[Exercise requirements]
Without any pictures, print the lines below from the one that has "La gatita sotto" through the one that has "Apple Parfums Туалетная", exactly and nothing else.
[Exercise data Boundary: Start]
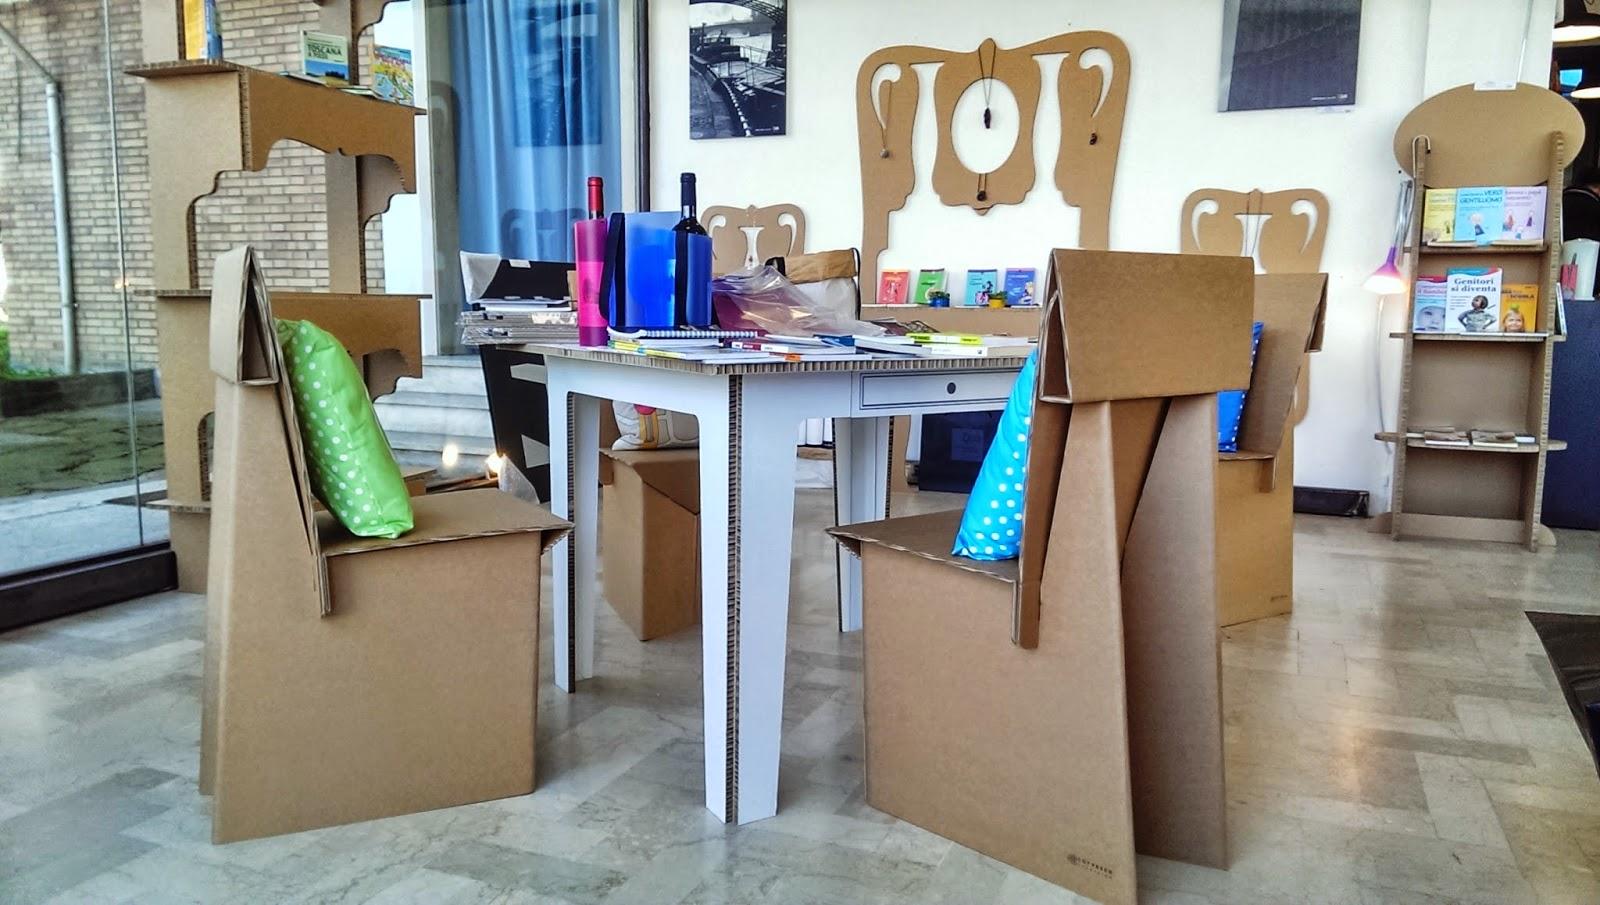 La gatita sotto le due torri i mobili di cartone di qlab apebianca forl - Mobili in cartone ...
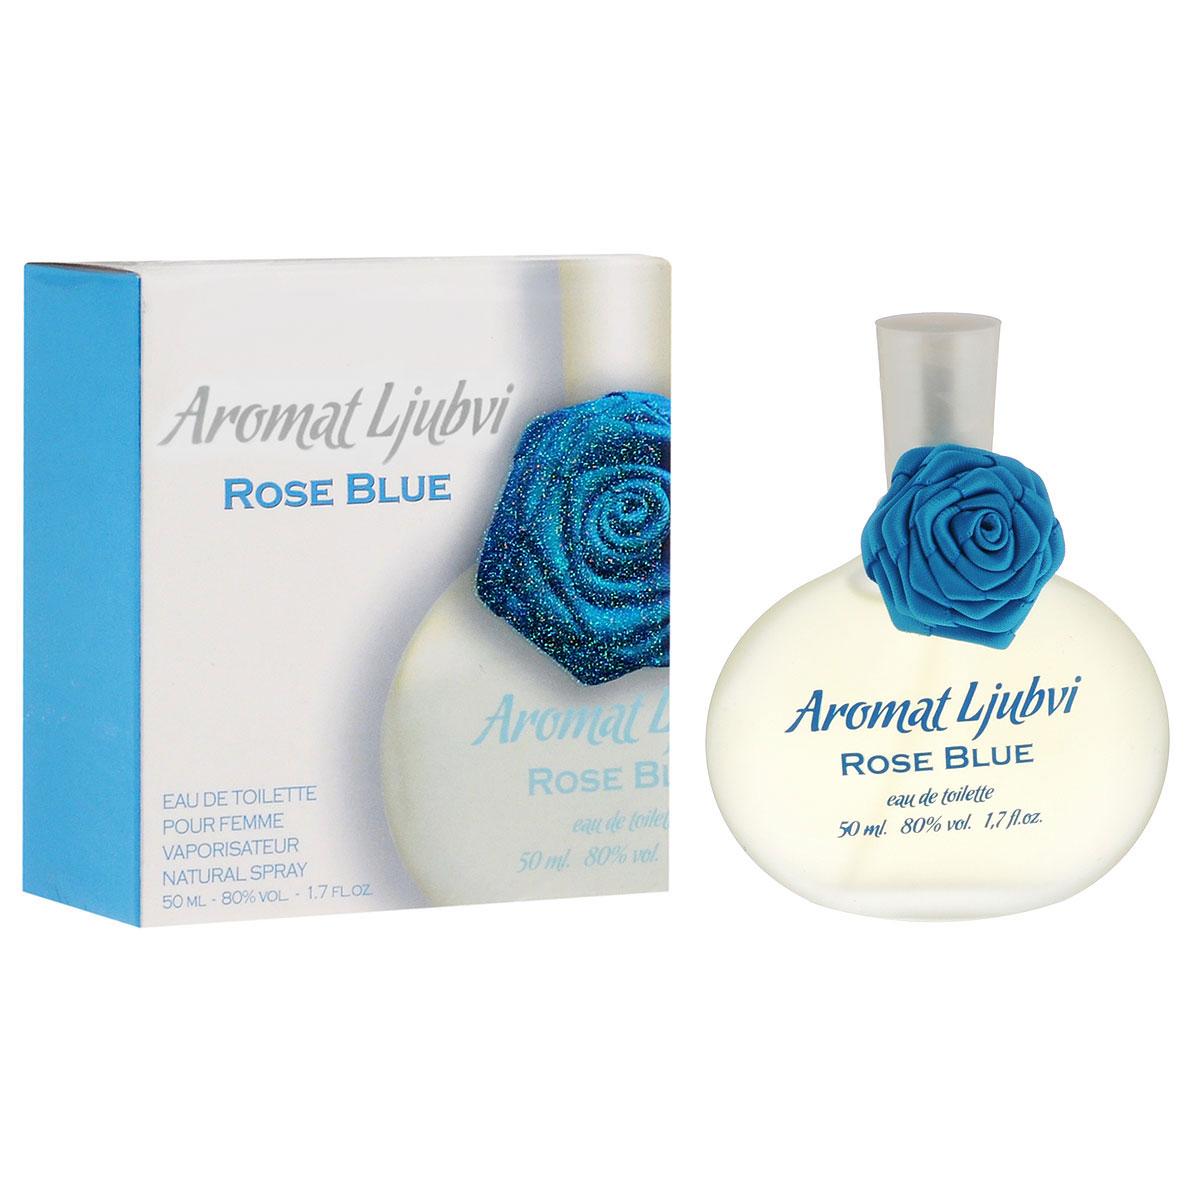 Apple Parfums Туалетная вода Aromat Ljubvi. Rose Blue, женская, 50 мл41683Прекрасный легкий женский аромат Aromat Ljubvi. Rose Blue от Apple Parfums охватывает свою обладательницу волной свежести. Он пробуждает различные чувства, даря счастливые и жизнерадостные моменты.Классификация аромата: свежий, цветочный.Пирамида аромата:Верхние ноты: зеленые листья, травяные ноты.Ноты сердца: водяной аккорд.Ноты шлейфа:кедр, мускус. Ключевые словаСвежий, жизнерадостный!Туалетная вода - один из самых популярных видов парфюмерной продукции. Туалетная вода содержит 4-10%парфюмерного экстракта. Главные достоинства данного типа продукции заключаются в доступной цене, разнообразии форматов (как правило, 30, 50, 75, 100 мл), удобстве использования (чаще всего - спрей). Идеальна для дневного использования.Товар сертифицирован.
[Exercise data Boundary: End]
[Exercise data Boundary: Start]
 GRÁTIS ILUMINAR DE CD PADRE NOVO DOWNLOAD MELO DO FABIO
[Exercise data Boundary: End]
[Solution]
 La gatita sotto le due torri i mobili di cartone di qlab apebianca forl - Mobili in cartone ...
 Apple Parfums Туалетная вода Aromat Ljubvi. Rose Blue, женская, 50 мл41683Прекрасный легкий женский аромат Aromat Ljubvi. Rose Blue от Apple Parfums охватывает свою обладательницу волной свежести. Он пробуждает различные чувства, даря счастливые и жизнерадостные моменты.Классификация аромата: свежий, цветочный.Пирамида аромата:Верхние ноты: зеленые листья, травяные ноты.Ноты сердца: водяной аккорд.Ноты шлейфа:кедр, мускус. Ключевые словаСвежий, жизнерадостный!Туалетная вода - один из самых популярных видов парфюмерной продукции. Туалетная вода содержит 4-10%парфюмерного экстракта. Главные достоинства данного типа продукции заключаются в доступной цене, разнообразии форматов (как правило, 30, 50, 75, 100 мл), удобстве использования (чаще всего - спрей). Идеальна для дневного использования.Товар сертифицирован.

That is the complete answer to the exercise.